27 January: International Holocaust Remembrance Day

The Day commemorates the tragedy of the Holocaust that occurred during the Second World War: the genocide that resulted in the death of an estimated 6 million Jewish people, 5 million Slavs, 3 million ethnic Poles, 200,000 Romani people, 250,000 mentally and physically disabled people, and 9,000 homosexual men by the Nazi regime and its collaborators.

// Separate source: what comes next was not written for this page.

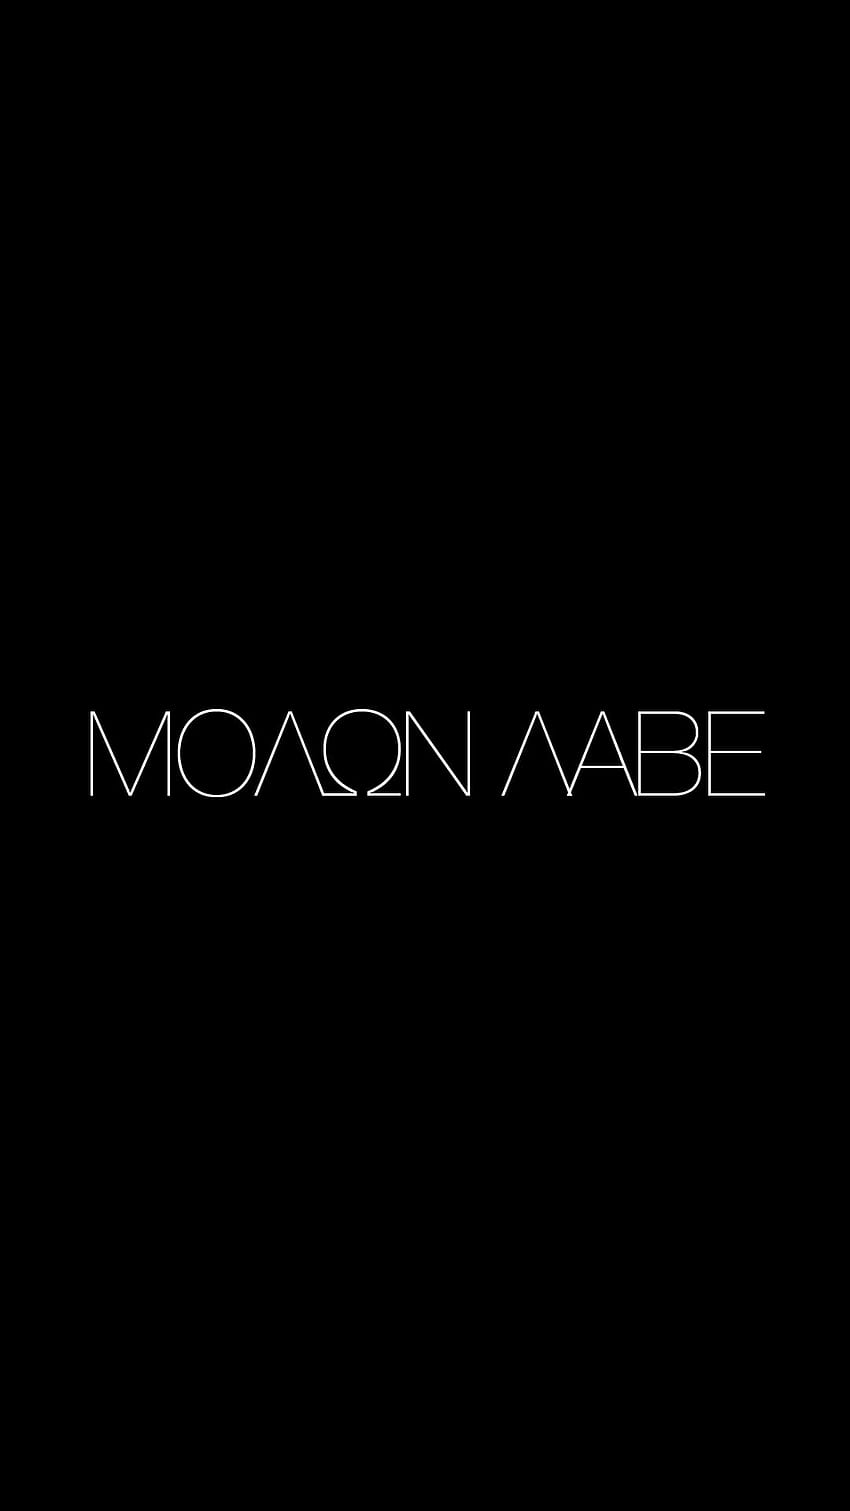 Molon Labe / Come and Take It HD phone wallpaper

Auschwitz concentration camp was a network of concentration and extermination camps built and operated by Nazi Germany in occupied Poland during World War II. It consisted of Auschwitz I (the original concentration camp), Auschwitz II–Birkenau (a combined concentration/extermination camp), Auschwitz III–at Monowitz (a labour camp to staff an IG Farben chemicals factory), and 45 satellite camps.

Auschwitz I was first constructed to hold Polish political prisoners, who began to arrive in May 1940. The first extermination of prisoners took place in September 1941. Auschwitz II–Birkenau went on to become a major site of the Nazis’ ‘Final Solution to the Jewish Question’ during the Holocaust. From early 1942 until late 1944, transport trains delivered Jews to the camp’s gas chambers from all over German-occupied Europe, where they were killed en masse with the cyanide-based poison Zyklon B, originally developed to be used as a pesticide. An estimated 1.3 million people were sent to the camp. Others deported to Auschwitz included 150,000 Poles, 23,000 Romani and Sinti, 15,000 Soviet prisoners of war, 400 Jehovah’s Witnesses, and tens of thousands of others of diverse nationalities, including an unknown number of homosexuals. Many of those not killed in the gas chambers died of starvation, forced labour, infectious diseases, individual executions, and medical experiments.

As Soviet troops approached Auschwitz in January 1945, most of its population was sent west on a death march. The prisoners remaining at the camp were liberated on 27 January 1945, a day now commemorated as International Holocaust Remembrance Day.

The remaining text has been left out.